[Man]: “I heard you quit your job?”
Isaac: “Yeah, a real self-destructive impulse. You know, I want
to write a book, so I, so I … Has anybody read that
nazis are going to march in New Jersey, you know? I
read this in the newspaper, we should go down there, get
some guys together, you know, get some bricks and
baseball bats and really explain things to them.”
[Man]: “There was this devastating satirical piece on that on the op-ed
page of the Times. It is devastating.”
Isaac: “Well, well, a satirical piece in the Times is one thing, but
bricks and baseball bats really gets right to the
point.”
[Woman]: “Oh, but really biting satire is always better than physical
force.”
Isaac: “No, physical force is always better with nazis. Cos
it’s hard to satirize a guy with shiny boots.”

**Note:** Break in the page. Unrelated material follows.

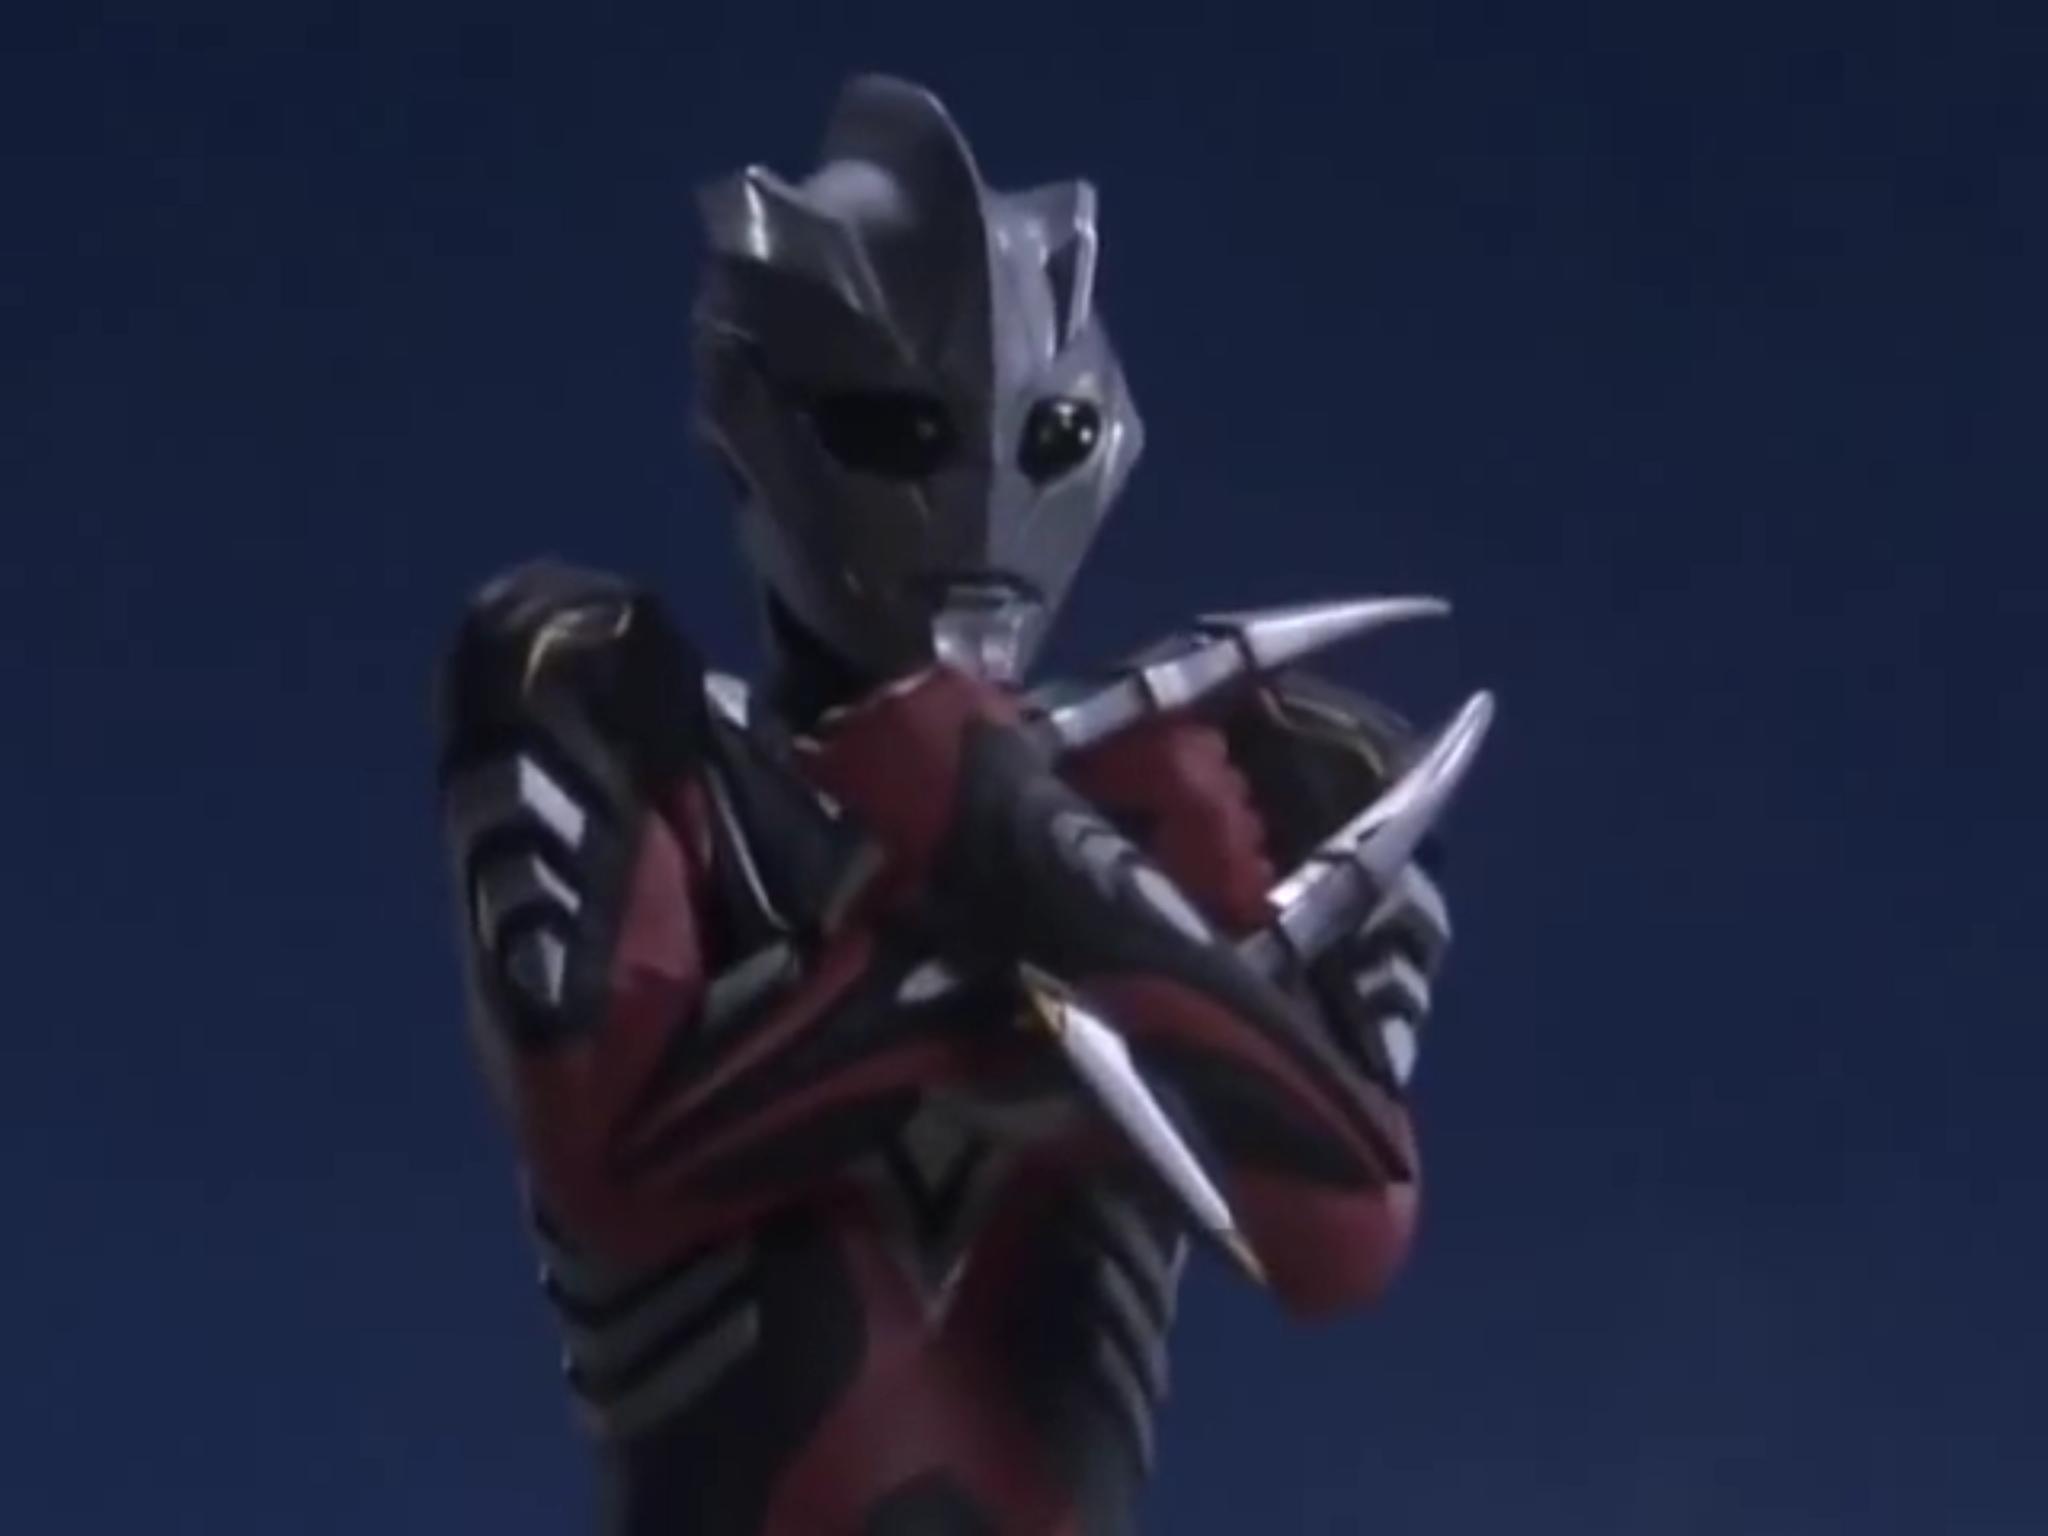 Armed Mephisto

[Woman]: “Well, you get emotional, I know…”
Dennis: “Excuse me, we were talking about orgasms.”
Mary: “Oh no, no, please, give me a break. I’m from Philadelphia, we
never talk about things like that in public.”
Isaac: “Yeah, you said that the other day, I didn’t know what
the hell it meant then either.”
Dennis: “I’m just about to direct a film, of my own script, and the
premise is this guy screws so great …”
Isaac: “… screws so great?”
Dennis: “… screws so great that when he brings a woman to orgasm she’s
so fulfilled that she dies. Right, now this one,
excuse me, finds this hostile.”
Mary: “God, it’s worst than hostile, it’s aggressive-homicidal.
You have to forgive Dennis, he’s Harvard direct from
Beverley Hills. It’s Theodore Reich with a touch of
Charles Manson.”
[Younger Woman]: “I finally had an orgasm and my doctor told me
it was the wrong kind.”
Isaac: “Did you had the wrong kind, really? I never had the wrong
kind, never. My worst one was right on the money.”